Solution for Exercise 01¶

The goal of is to compare the performance of our classifier to some baseline classifier that would ignore the input data and instead make constant predictions:

In [ ]:

import pandas as pd

df = pd.read_csv(
    "https://www.openml.org/data/get_csv/1595261/adult-census.csv")

In [ ]:

target_name = "class"
target = df[target_name].to_numpy()
data = df.drop(columns=[target_name, "fnlwgt"])
numerical_columns = [
    c for c in data.columns if data[c].dtype.kind in ["i", "f"]]
data_numeric = data[numerical_columns]

In [ ]:

from sklearn.model_selection import cross_val_score
from sklearn.dummy import DummyClassifier

high_revenue_clf = DummyClassifier(strategy="constant",
                                   constant=" >50K")
scores = cross_val_score(high_revenue_clf, data_numeric, target)
print(f"{scores.mean():.3f} +/- {scores.std():.3f}")

In [ ]:

low_revenue_clf = DummyClassifier(strategy="constant",
                                  constant=" <=50K")
scores = cross_val_score(low_revenue_clf, data_numeric, target)
print(f"{scores.mean():.3f} +/- {scores.std():.3f}")

In [ ]:

most_freq_revenue_clf = DummyClassifier(strategy="most_frequent")
scores = cross_val_score(most_freq_revenue_clf, data_numeric, target)
print(f"{scores.mean():.3f} +/- {scores.std():.3f}")
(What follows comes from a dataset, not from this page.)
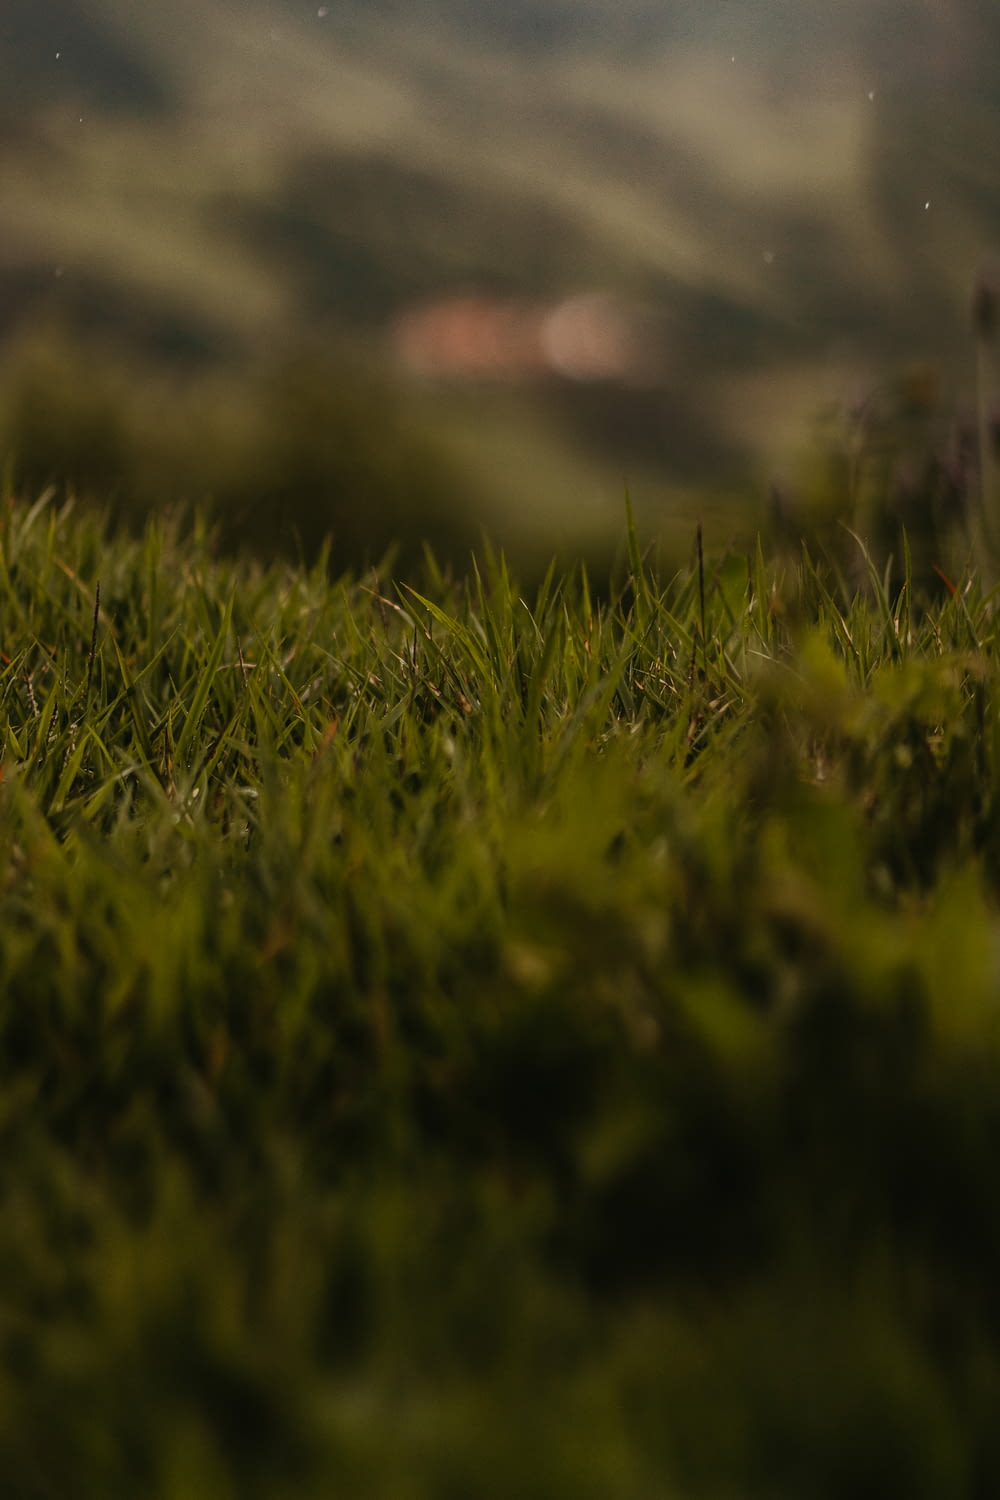 a blurry photo of grass with a blurry background

So 81% accuracy is significantly better than 76% which is the score of a baseline model that would always predict the most frequent class which is the low revenue class: " <=50K".

In this dataset, we can see that the target classes are imbalanced: almost 3/4 of the records are people with a revenue below 50K:

In [ ]:

df["class"].value_counts()

In [ ]:

(target == " <=50K").mean()